Страница 4 из 43
Мы перепрыгнули через канаву и скрылись за елями, густо окаймлявшими дорогу. И только когда мы очутились одни в море тумана, я выпустил ее руку. И тогда мы помчались дальше, наугад.
2
Была середина апреля, и ноги мои погружались в снег по самую щиколотку. Кое-где снег уже стаял; я бежал по лесу, ничего не видя от страха, одержимый одной мыслью, но невольно меня влекло к темным бурым полоскам вереска, мха и прелого папоротника. Почему-то мне казалось, что в головоломном узоре бесснежных троп и тропинок я немедленно отыщу спасительный путь.
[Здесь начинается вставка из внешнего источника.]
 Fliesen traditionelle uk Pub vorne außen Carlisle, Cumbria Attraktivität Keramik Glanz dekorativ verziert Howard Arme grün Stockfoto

Я бежал, все больше и больше подпадая под власть могучего наваждения, запрещавшего мне ступать по белому: так, ребенком я верил, что отвращу от себя любую беду, если только не стану наступать на полоски земли между плитами тротуара.
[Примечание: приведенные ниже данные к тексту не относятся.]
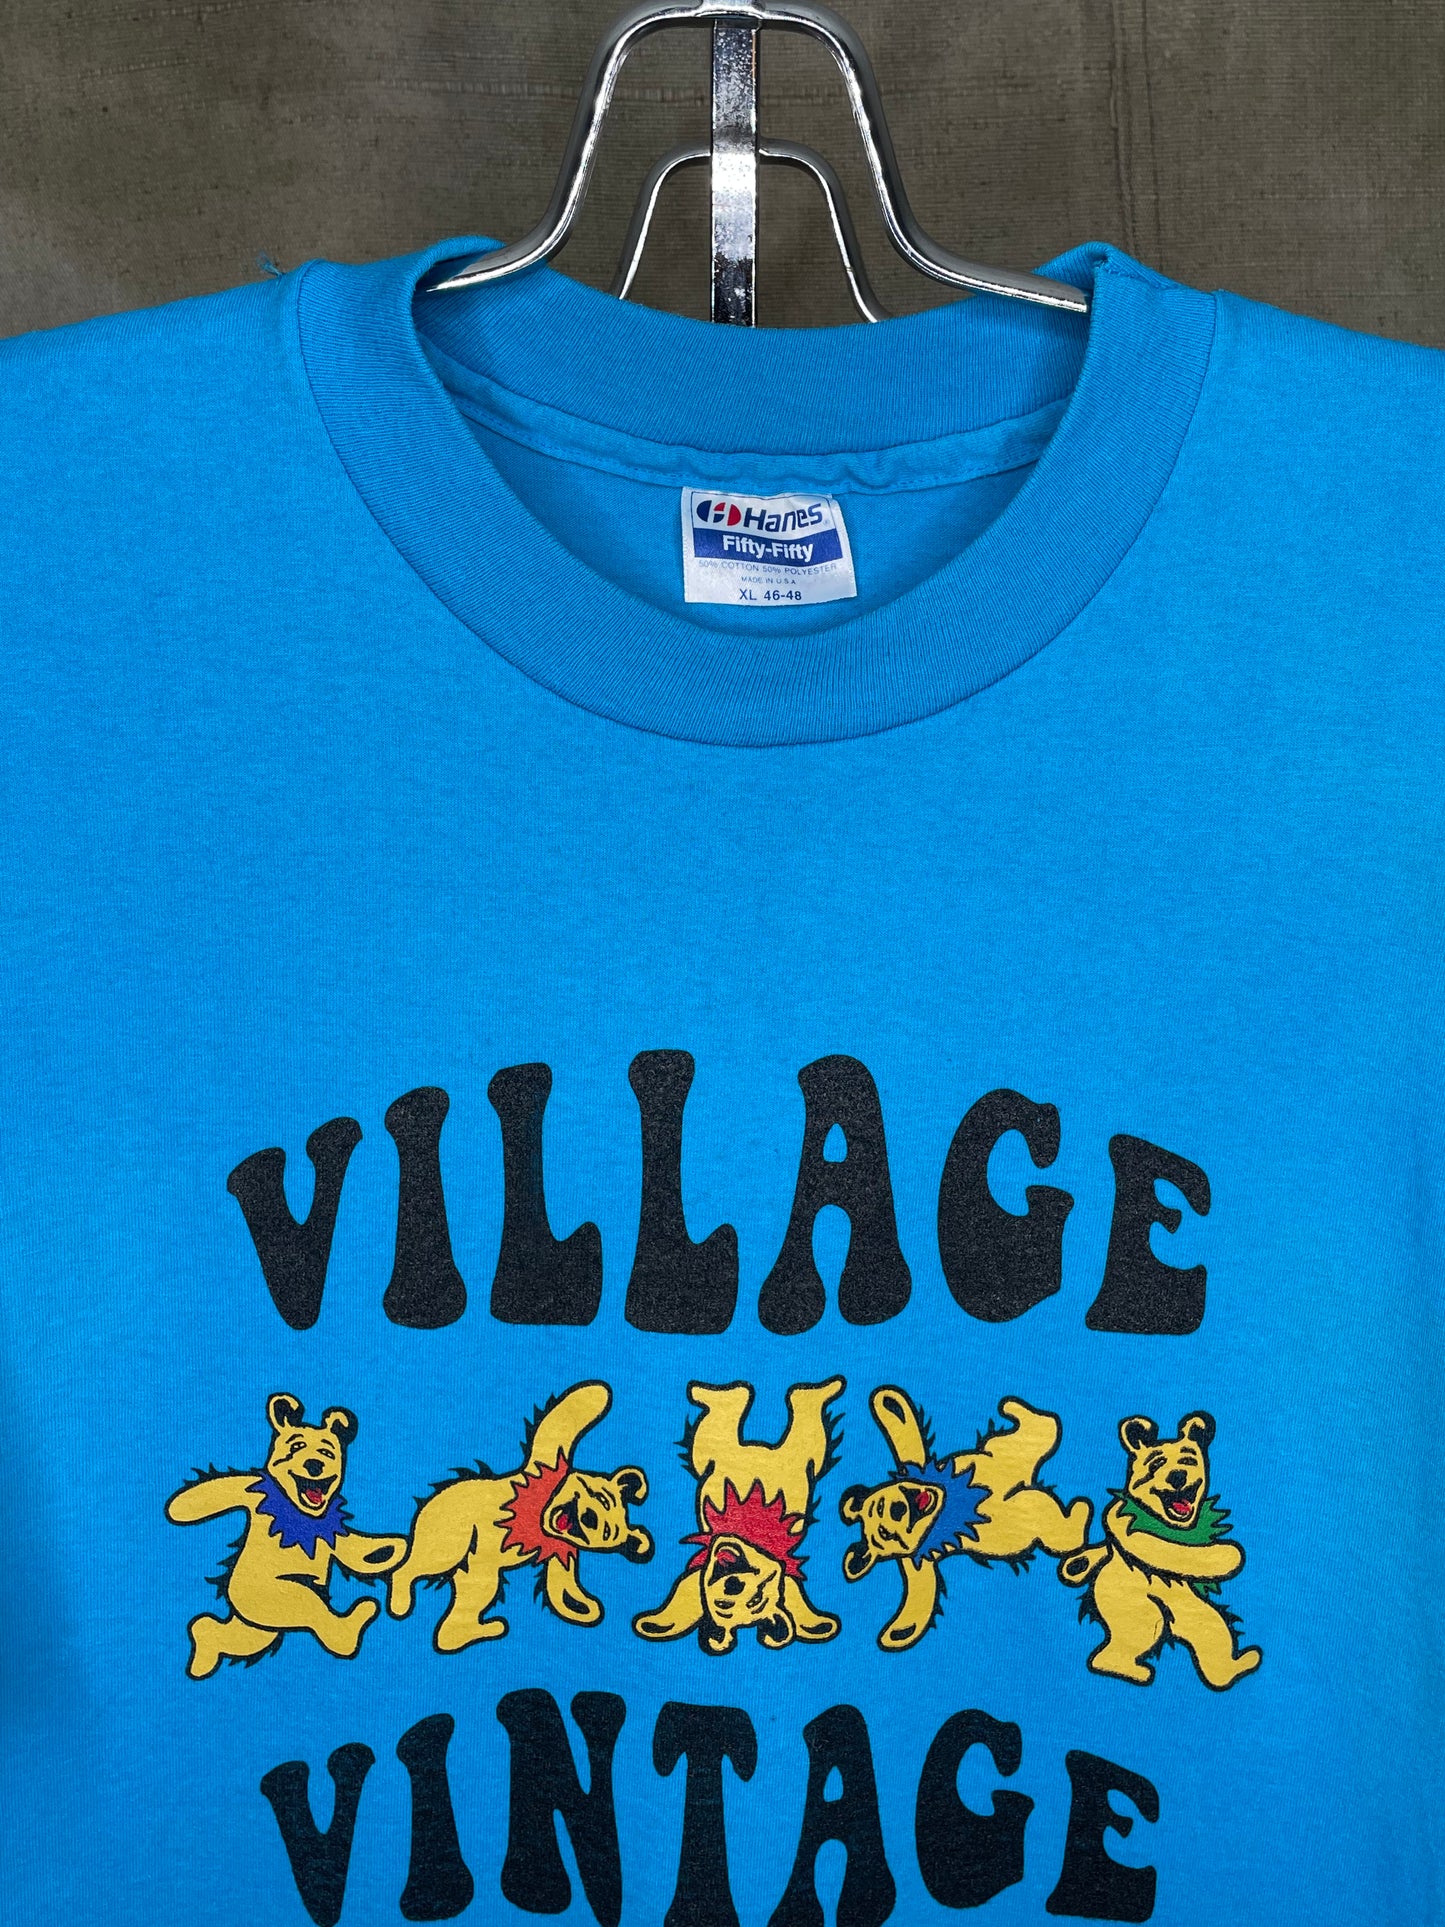 Village Vintage Frolicking Bear Logo on Hand Sourced Vintage Blank Shirt L/XL

Я надеялся миновать рощу шириной метров в двести. За ней было поле, спускавшееся к ручью. А на другой стороне ручья начинался большой лес.
Я видел его из окна камеры всякий раз, когда расступался туман, и за эти четыре дня он стал для меня привычной деталью пейзажа, от которой я не смел отвести взор, и всякий раз, когда ужас сжимал сердце, я шепотом повторял про себя словно глухое, монотонное заклинание, словно детский стишок, которым в потемках развлекает себя ребенок, страшащийся мрака: роща, поле, ручей, лес, роща, поле, ручей, лес…
Я бежал и ни разу не вспомнил о Герде. Я только тогда подумал о ней, когда выбежал на опушку леса, туда, где земля уже начинала клониться под гору и исчезала в тумане. Я встал как вкопанный и прикрыл рот рукой, чтобы заглушить дыхание, и прислушался. В тот же миг пугающе близко прогремели два выстрела. Я ринулся в поле, в туман и подумал: «Значит, они поймали ее, значит, они застрелили ее, они еще провозятся примерно с полминуты, и за это время я почти успею добежать до ольшаника у ручья. А на другой стороне начинается большой лес, и он тянется до самой границы, да, этот лес извилистей полосой тянется до самой границы… Дороги я буду пересекать ночью…»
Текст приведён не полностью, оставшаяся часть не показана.